Ve çıkış deneyimi… Binaların ilk katları normal yükseklikte iken, ikinci kat daha alçak, üçüncü ve sonrası ise iyice alçalmakta. Hedef, boyutlar sayesinde, gerçek ortamda iken, aslında hayal dünyasında olduğunuzu hissettirmek. Oysa ‘çıkış kapısı’ tamamen gerçek boyutlarda. Son derece bilinçli olarak, tüm günün yorgunluğu ile çıkışa yaklaşan kişilerin kapıyı daha yakın hissetmeleri için. Gerçekten ince düşünülmüş!
Disney felsefesi şöyle: “her şey konuşur”, yani her şey kurum olarak neyi önemsediğinizin bir sözcüsüdür.
Anahtar şurada: deneyimi tasarlamak; tasarıma göre sistem kurmak; duygu ve düşünceleri ile insan unsurunu içine işlemek, ve gözlem ve geri bildirim kaydıyla sürekli iyileştirmek.
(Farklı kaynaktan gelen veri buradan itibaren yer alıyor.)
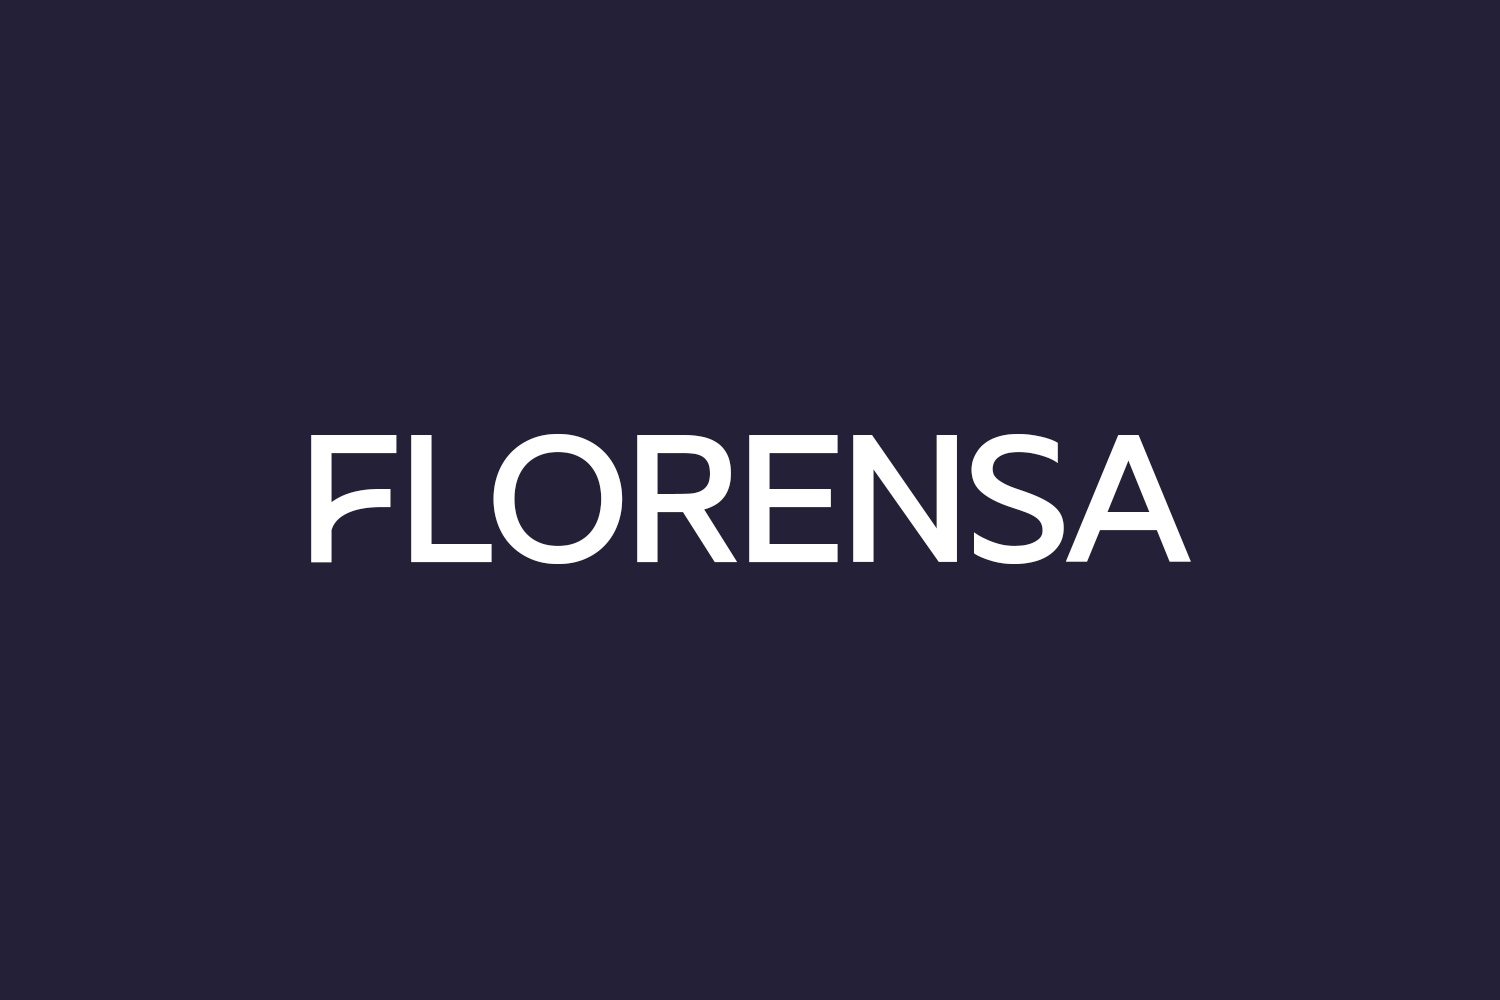 Florensa Free Font

Kısacası, Müşterinizi önemsemek!
Güney Afrika’da lüks bir otelin temizlik personeli, tüm odayı temizledikten sonra, nasıl ki Müşteriler uzun bir yolculuk sonrası şöyle bir ayaklarını uzatıp, etrafa bakınırsa, öyle yatağa uzanıp, incelerlermiş. Klimadaki toza, aynanın üstüne, çarpık tabloya, kısacası Müşterinin gözüne ilişebilecek her türlü detaya… Kendini hikayenin içine çekebilmek.. Muhteşem! Umarım, yataktan kalkarken, örtüyü düzeltmeyi unutmuyorlardır!
Şimdi bir çoğunuzu duyar gibiyim: “Bu örnekler günlük hayattan. Bizimki gibi savunma, makina, kimya, ilaç, otomotiv, petrol, enerji, inşaat, lojistik sektörleriyle ne ilgisi var?” Ben de size soruyorum: acaba?
Internet ya da dijital dünya için de aynı gerçeklerin geçerli olduğunu düşünüyorum. Özünde “deneyimi” yönetebilmekten bahsediyoruz, olsa olsa kanallar ve yöntemler değişebilir.